Posted by: DJ on May 10, 2006 05:40 PMOk, fair enough, the text of the CJC doesn't forbid the acceptance of an unsolicited contribution by the Committee.
But if that is all there is to it, why have all the others voluntarily followed the practice of not accepting any contributions prior to start date?
Posted by: ewaggin on May 10, 2006 08:51 PMWTF??? Don't you actually need some integrity before it can be challenged??? You obviously cut-and-pasted that quote and intentionally changed it to try and mislead. Integrity my a$$!!!!!

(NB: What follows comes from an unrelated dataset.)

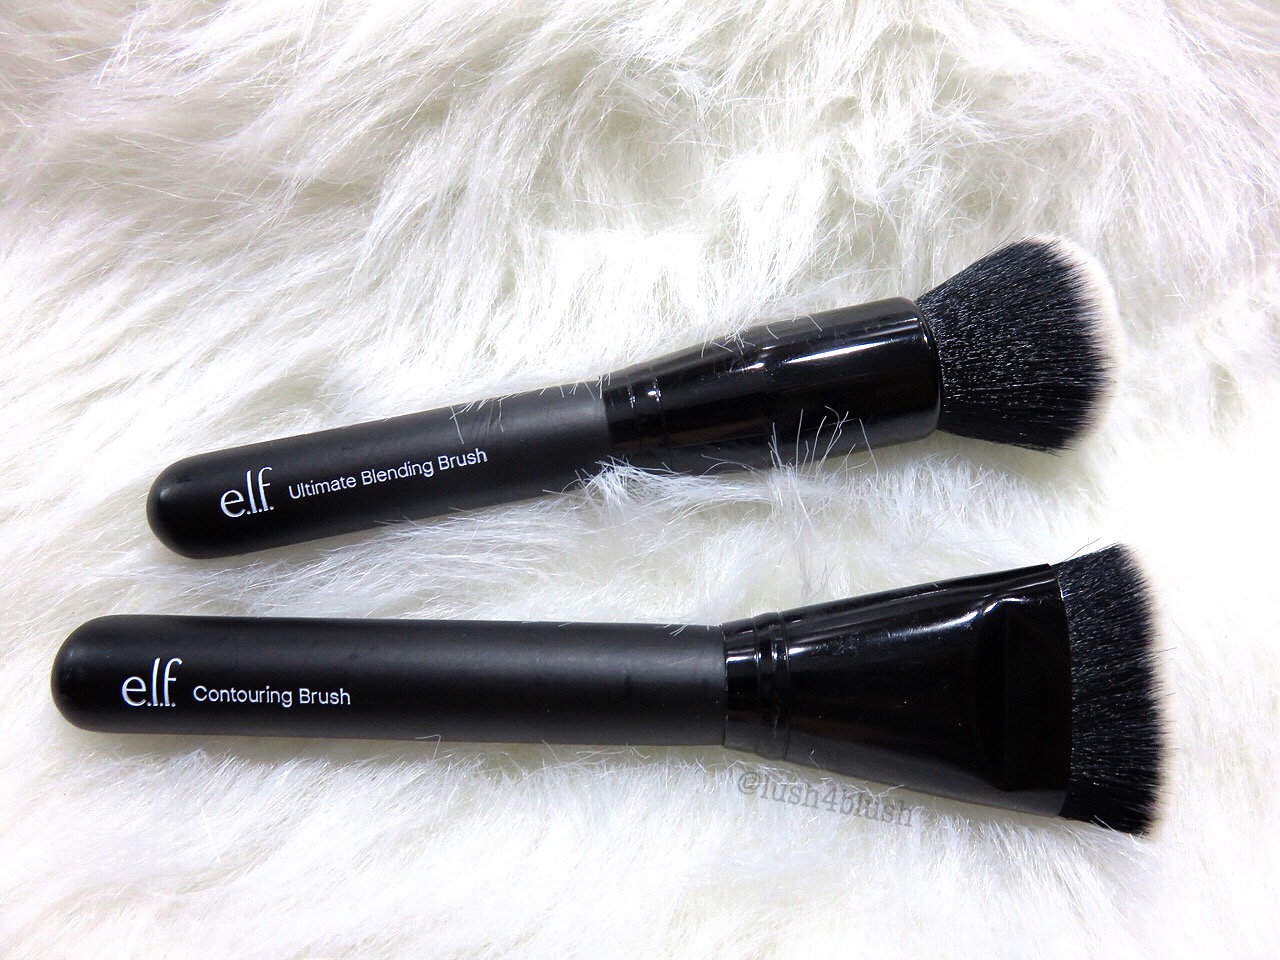 NEW Elf Cosmetics Contouring Brush and Ultimate Blending Brush Review

Posted by: dude on May 10, 2006 09:18 PMBut if you aren't soliciting, how can you 'accept' a donation? How do these people know that you are a candidate and have a bank account, etc. if you haven't announced your candidacy? And if you have been talking to your 'friends' about running, aren't you soliciting?
Posted by: swatter on May 11, 2006 07:25 AMGerry wasn't "soliciting"...he didn't even know she was a hooker.